In addition to the header of the Spirit itself, I included a library of string algorithms from boost (I will use the trim function). The construction using namespace is not always a good practice, but here for brevity I will allow myself.

We define data types: a record is a key – value pair, a section is a key – list of records pair, all ini-file data is a list of sections.
14 typedef pair<string, string> Entry;
15 typedef list<Entry > Entries;
16 typedef pair<string, Entries> Section;
17 typedef list<Section> IniData;

In addition to the data types, we will need event handlers that will be called when the parser parses the next non-terminal.
19 struct add_section
20 {
21 add_section( IniData & data ) : data_(data) {}
22
23 void operator ()( char const * p, char const * q) const
24 {
25 string s(p,q);
26 boost::algorithm::trim(s);
27 data_.push_back( Section( s, Entries() ) );
28 }
29
30 IniData & data_;
31 };
32
33 struct add_key
34 {
35 add_key( IniData & data ) : data_(data) {}
36
37 void operator ()( char const * p, char const * q) const
38 {
39 string s(p,q);
40 boost::algorithm::trim(s);
41 data_.back().second.push_back( Entry( s, string() ) );
42 }
43
44 IniData & data_;
45 };
46
47 struct add_value
48 {
49 add_value( IniData & data ) : data_(data) {}
50
51 void operator ()( char const * p, char const * q) const
52 {
53 data_.back().second.back().second.assign(p, q);
54 }
55
56 IniData & data_;
57 };


Event handlers are functors that take a piece of a string as input (through two pointers).
The add_section functor will be called at the moment when the parser recognizes the next section.
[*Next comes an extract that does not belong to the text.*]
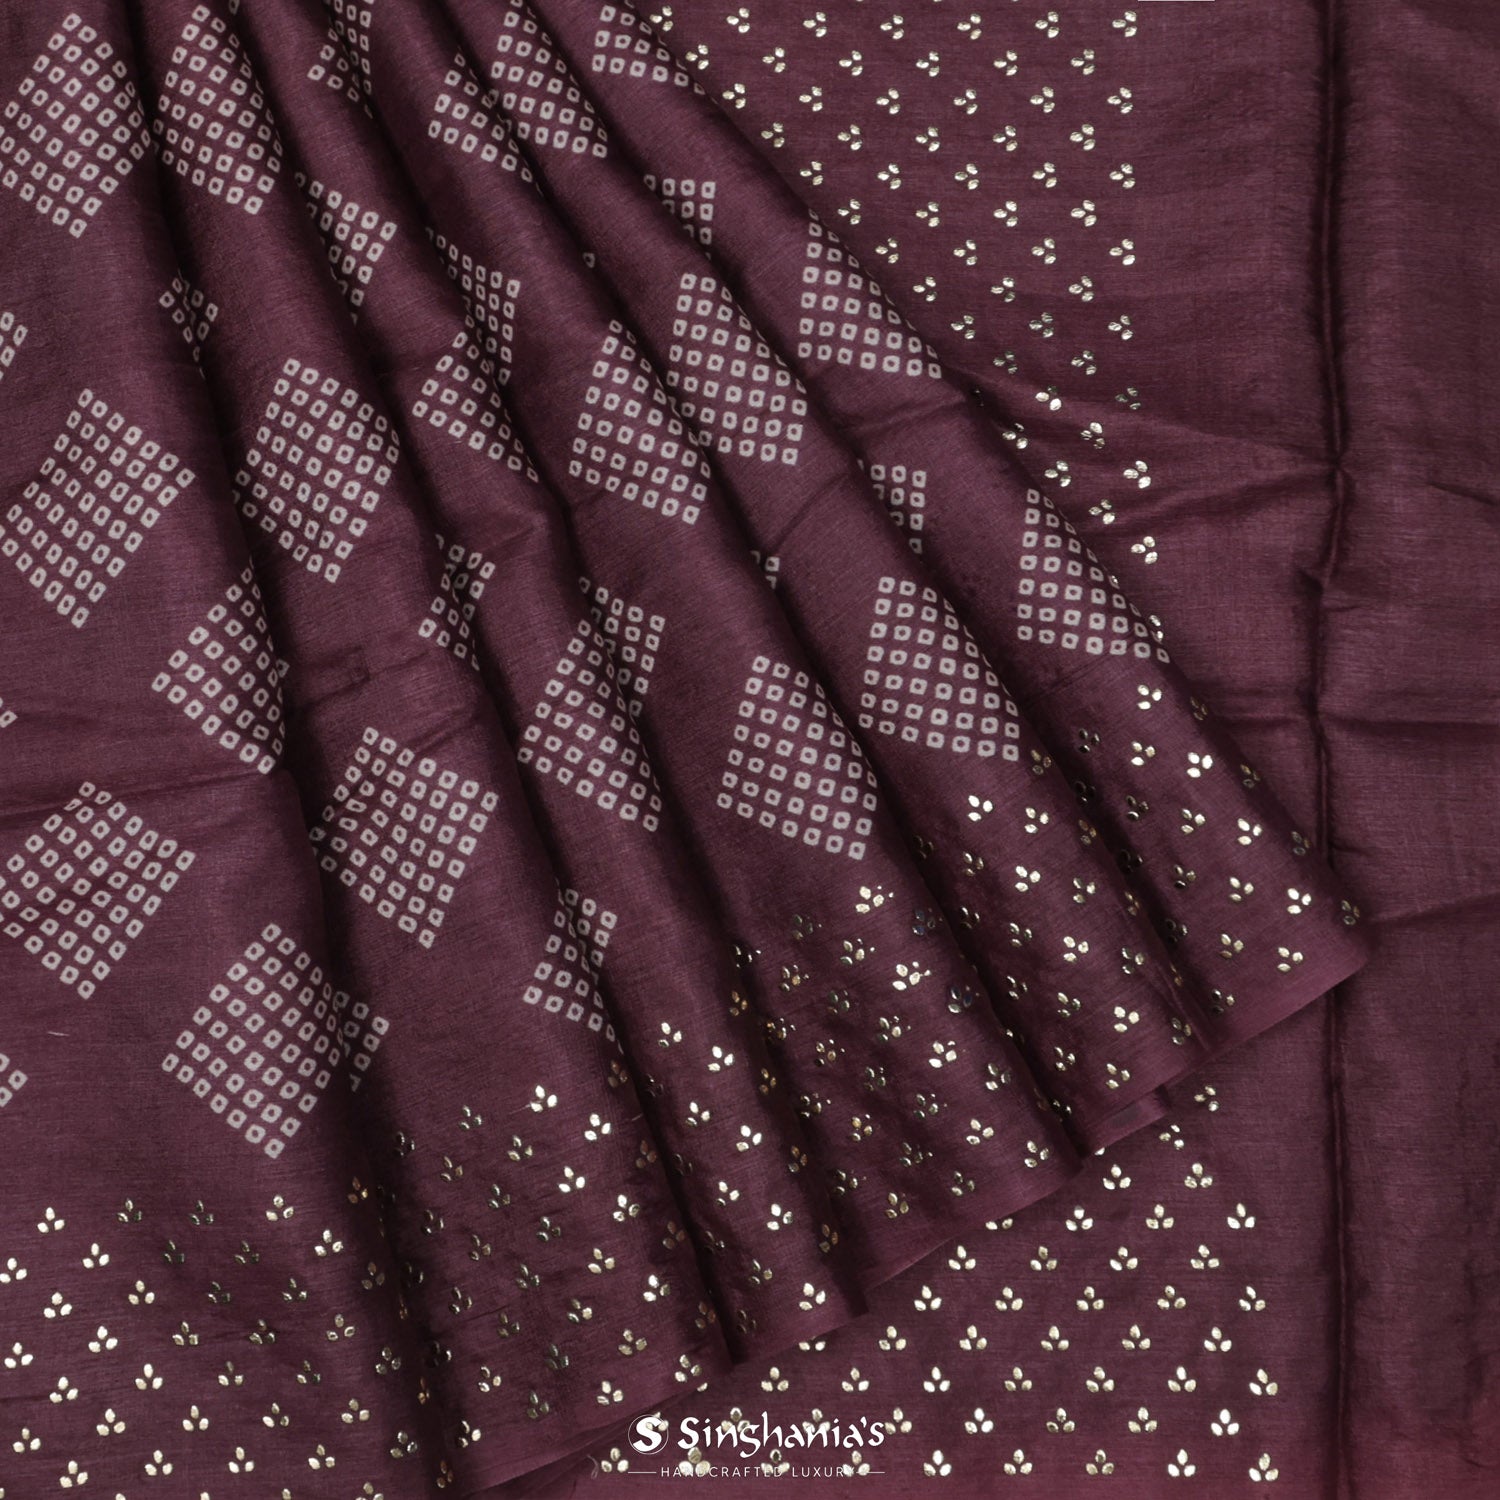 Purple Violet Printed Tussar Saree With Mukaish Work

As a parameter, add_section will receive the name of this section. The add_key functor will be called at the moment when the parser recognizes the name of the new parameter. The add_value functor will be called at the moment when the parser recognizes the value of the parameter. Using these functors, sequential filling of IniData is organized: first an empty section is added (add_section), then an Entry with an empty value is added (add_key) to this section, and then this value is filled (add_value).

Now we will transfer the grammar from the Backus-Naur notation to C ++. To do this, create a special class inidata_parser.
59 struct inidata_parser : public grammar<inidata_parser>
60 {
61 inidata_parser(IniData & data) : data_(data) {}
62
63 template < typename ScannerT>
64 struct definition
65 {
66 rule<ScannerT> inidata, section, entry, ident, value, stringSpaces, spaces;
67
68 rule<ScannerT> const & start() const { return inidata; }
69
70 definition(inidata_parser const & self)
71 {
72 inidata = *section;
73
74 section = ch_p( '[' )
75 >> ident[add_section(self.data_)]
76 >> ch_p( ']' )
77 >> stringSpaces
78 >> ch_p( '\n' )
79 >> spaces
80 >> *(entry);
81
82 entry = ident[add_key(self.data_)]
83 >> stringSpaces
84 >> ch_p( '=' )
85 >> stringSpaces
86 >> value[add_value(self.data_)]
87 >> spaces;
88
89
90 ident = +(alnum_p | chset<>( "-_.,:(){}#@&*|" ) );
91
92 value = *(~ch_p( '\n' ));
93
94 stringSpaces = *blank_p;
95
96 spaces = *space_p;
97 }
98
99 };
100
101 IniData & data_;
102 };

This class encapsulates the entire grammar. We will understand in more detail. In line 59, we see that the parser is inherited from the grammar class template using crtp, which is necessary for Spirit to work properly. The parser accepts a link to the empty IniData in the constructor and saves it (61). Inside the parser you need to define a template structure definition (63-64). The definition structure has data members of type rule — these are the parsers for each of the non-terminals of our Backus-Naur grammar (66). It is necessary to define a member function start, which will return a link to the main nonterminal - inidata (68).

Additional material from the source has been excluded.